OBJECTIVE: Stretch marks are disfiguring skin lesions that often cause problems of self-esteem, but little effort has been put to studying this pathology. We therefore analysed cell cultures of dermal fibroblasts isolated from a striae albae, to thereafter reconstruct a full thickness skin model. METHODS: Human Dermal Fibroblasts (HDF) were isolated from a striae distensae (SD) lesion and from the adjacent non-lesioned skin. The dermis of two full thickness skin models was reconstructed with either striae- or normal-HDF, while the epidermis was in both reconstructed with Normal Human Epidermal Keratinocytes. RESULTS: Main observations and pertinent data: Gene expression analysis of cell cultures revealed a generalized decomposition of the Extra Cellular Matrix (ECM), since collagens type I and III, lysyl oxidase (LOX), biglycan, lumican and fibronectin were downregulated, while MMP3 was increased together with a decrease of its natural inhibitors (TIMP1, TIMP2 and PAI-1). These findings were statistically corroborated for key ECM elements at the protein level (COL1, MMP1 and TGFB1).
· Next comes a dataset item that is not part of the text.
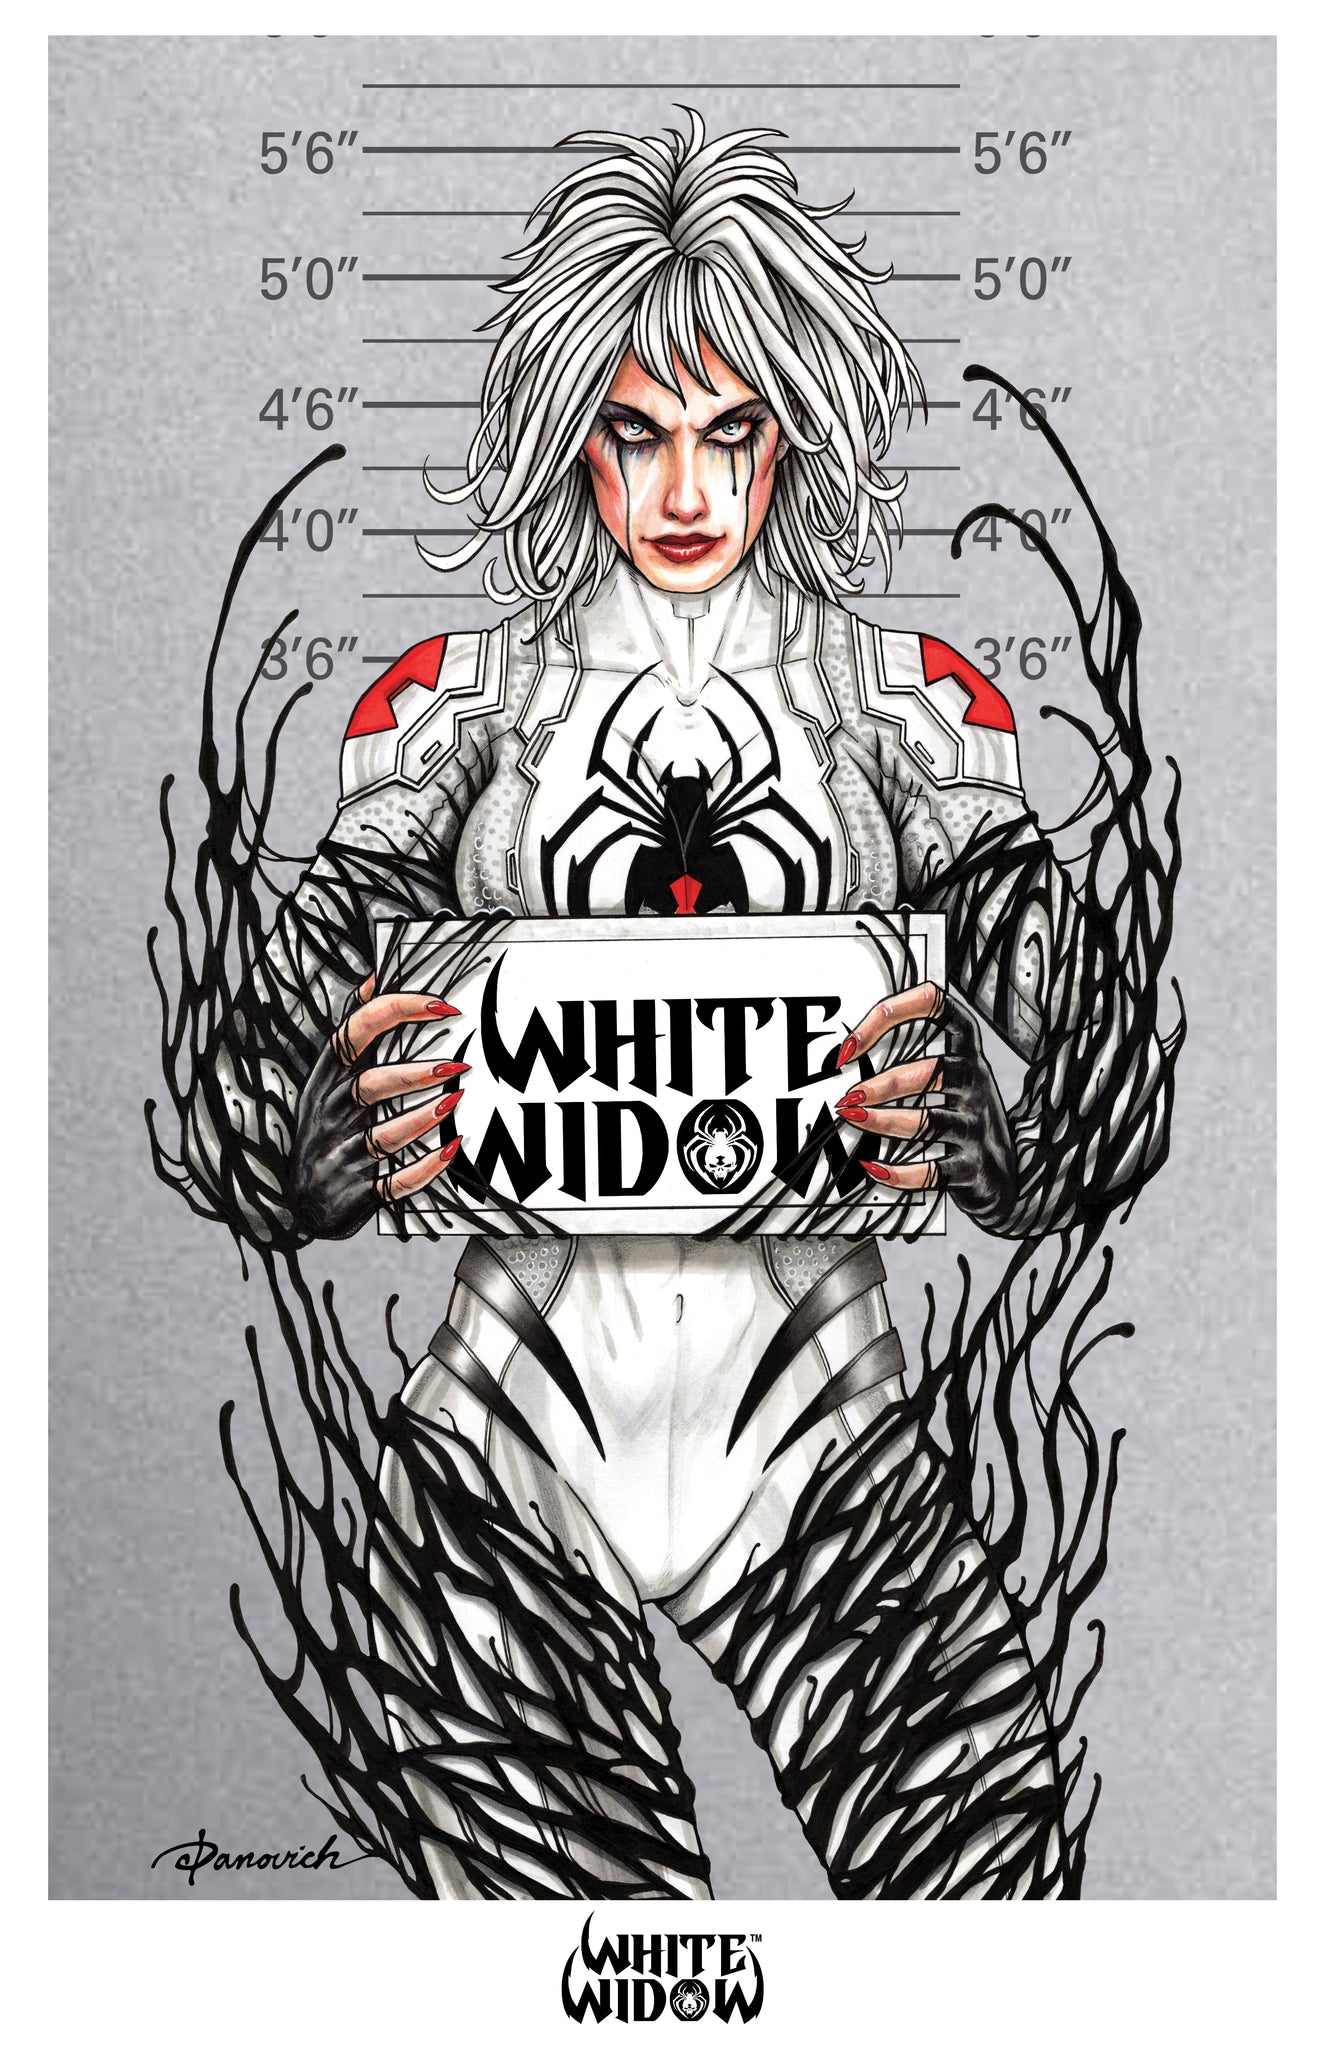 11x17 PRINT – White Widow #03 – Len Danovich 01

Interestingly, striae albae fibroblasts retained a pro-inflammatory phenotype, as suggested by increased gene expression of CXCL8, HAS1 and TNFA. We next reconstructed a full thickness skin model (Striae Reconstructed) with dermal fibroblasts from striae albae. Gene expression analysis showed that the Striae Reconstructed elicited not only ECM decomposition, but also skin ageing, as indicated by the upregulation of P16, PTGS2 and SOD2. Discussion points: Although the epidermis was constructed with normal human epidermal keratinocytes, the Striae Reconstructed presented epidermal atrophy and a dramatic increase of ß1-integrin at the epidermal-dermal junction providing, for the first time to our knowledge, a rationale showing that the key cell player behind stretch marks are dermal fibroblasts rather than epidermal keratinocytes. CONCLUSION: New knowledge: Taken together, our findings shed new light into the aetiology of stretch marks and indicate that the Striae Reconstructed, a new model for in vitro testing and drug screening, may open new avenues for the treatment of stretch marks.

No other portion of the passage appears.